:: PROBLEM TO WORK ON ::
For this listing, reproduce the line with "Fiu Logo Florida", the line with "30DaysOfBiking 2012: Earn-A-Bike", and the lines between, exactly as they stand. Leave out pictures and all other lines.

:: MATERIAL TO PROCESS ::

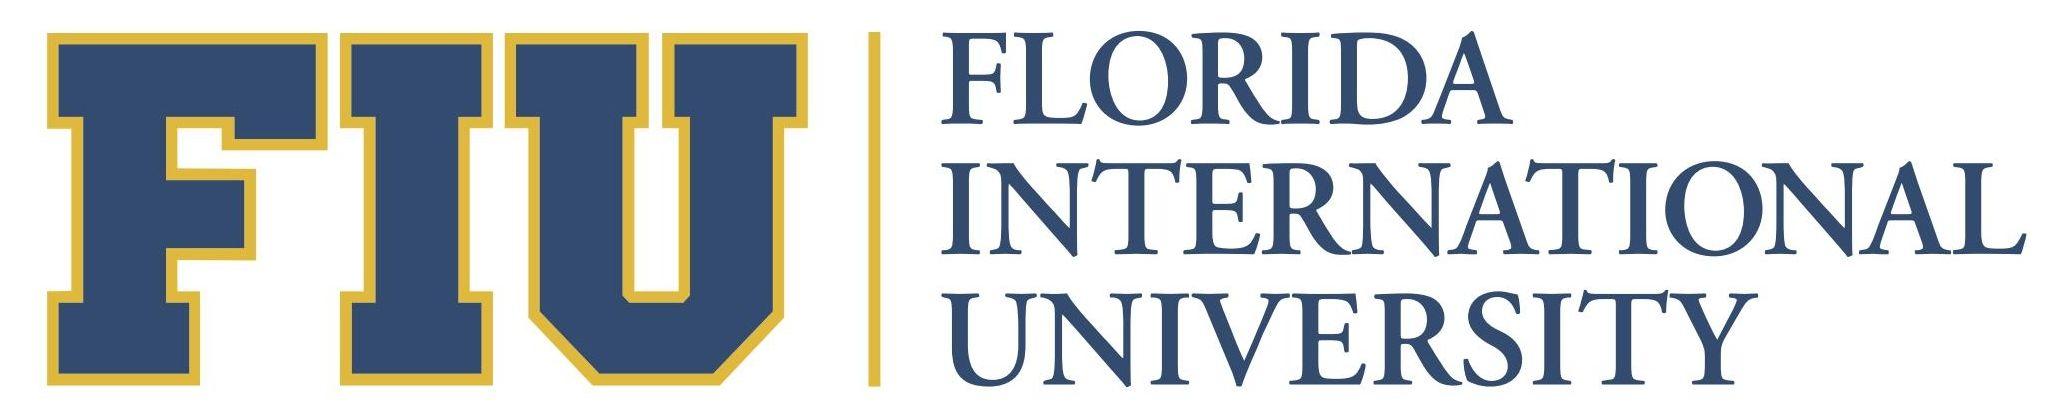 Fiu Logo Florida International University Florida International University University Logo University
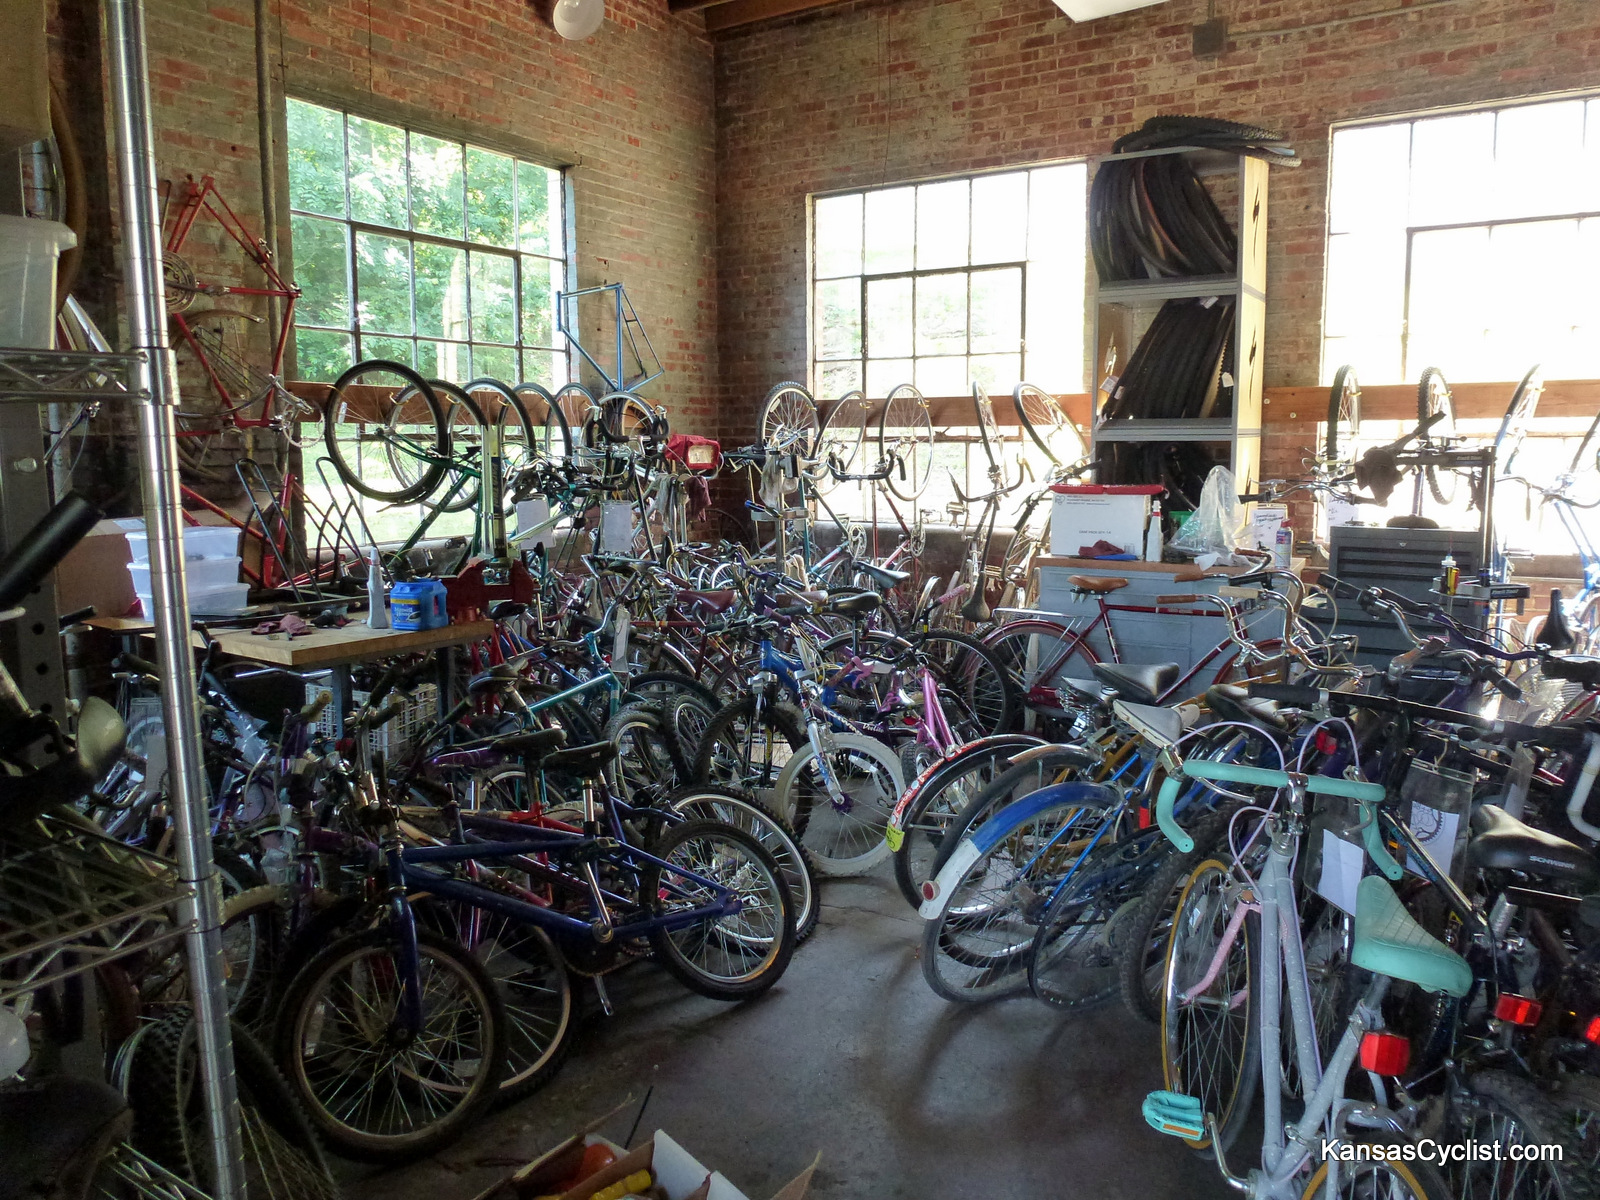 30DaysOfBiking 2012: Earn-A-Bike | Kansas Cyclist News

==

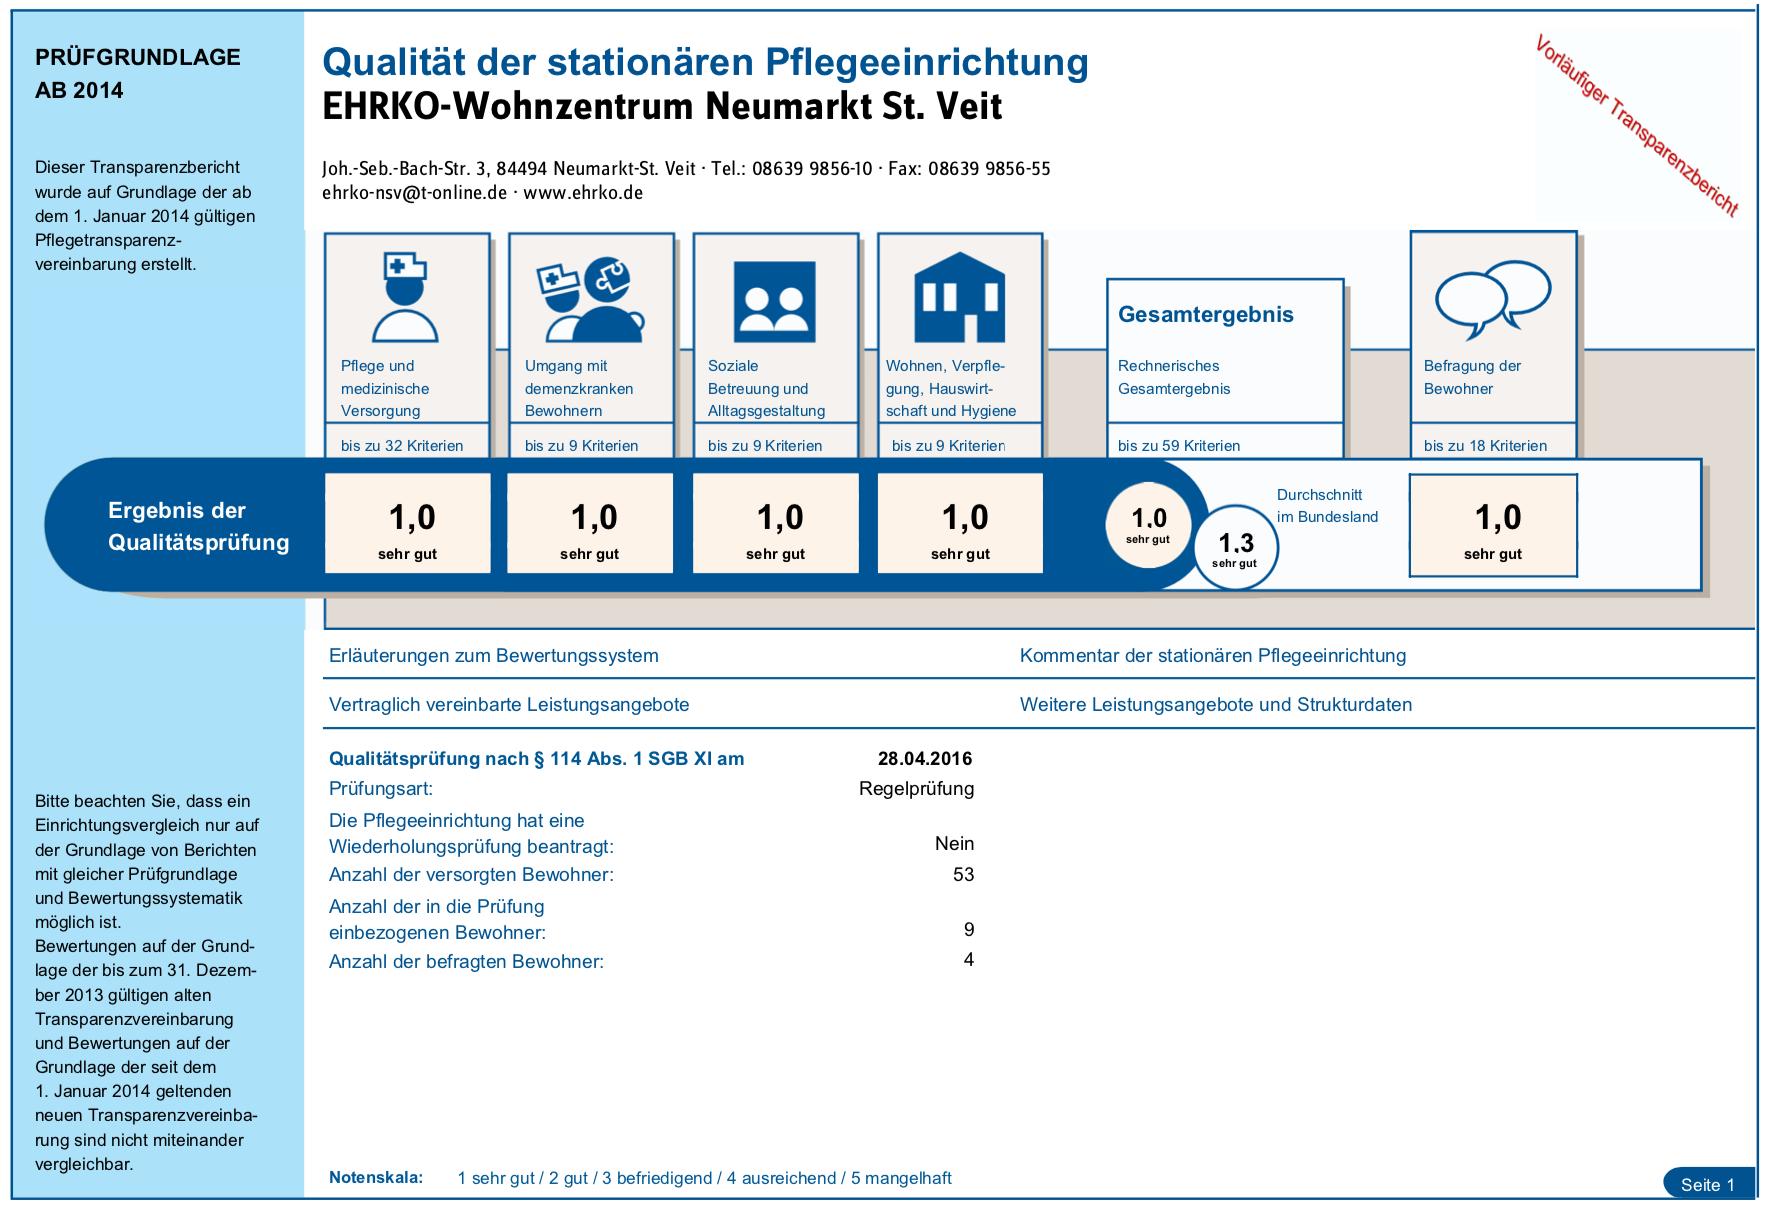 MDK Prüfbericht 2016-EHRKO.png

--

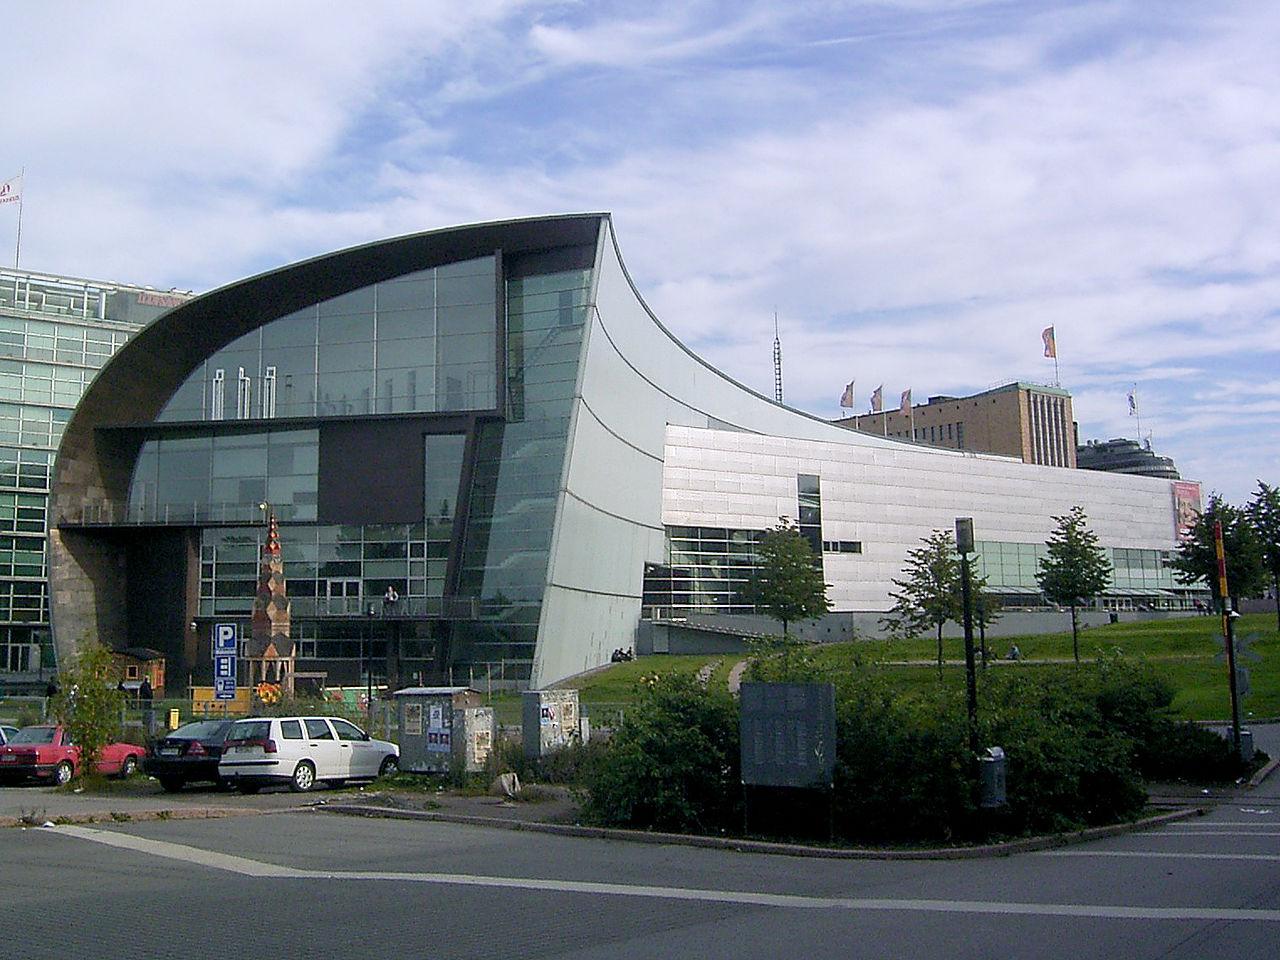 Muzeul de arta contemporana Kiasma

:: WORKED SOLUTION ::
 Fiu Logo Florida International University Florida International University University Logo University
 30DaysOfBiking 2012: Earn-A-Bike | Kansas Cyclist News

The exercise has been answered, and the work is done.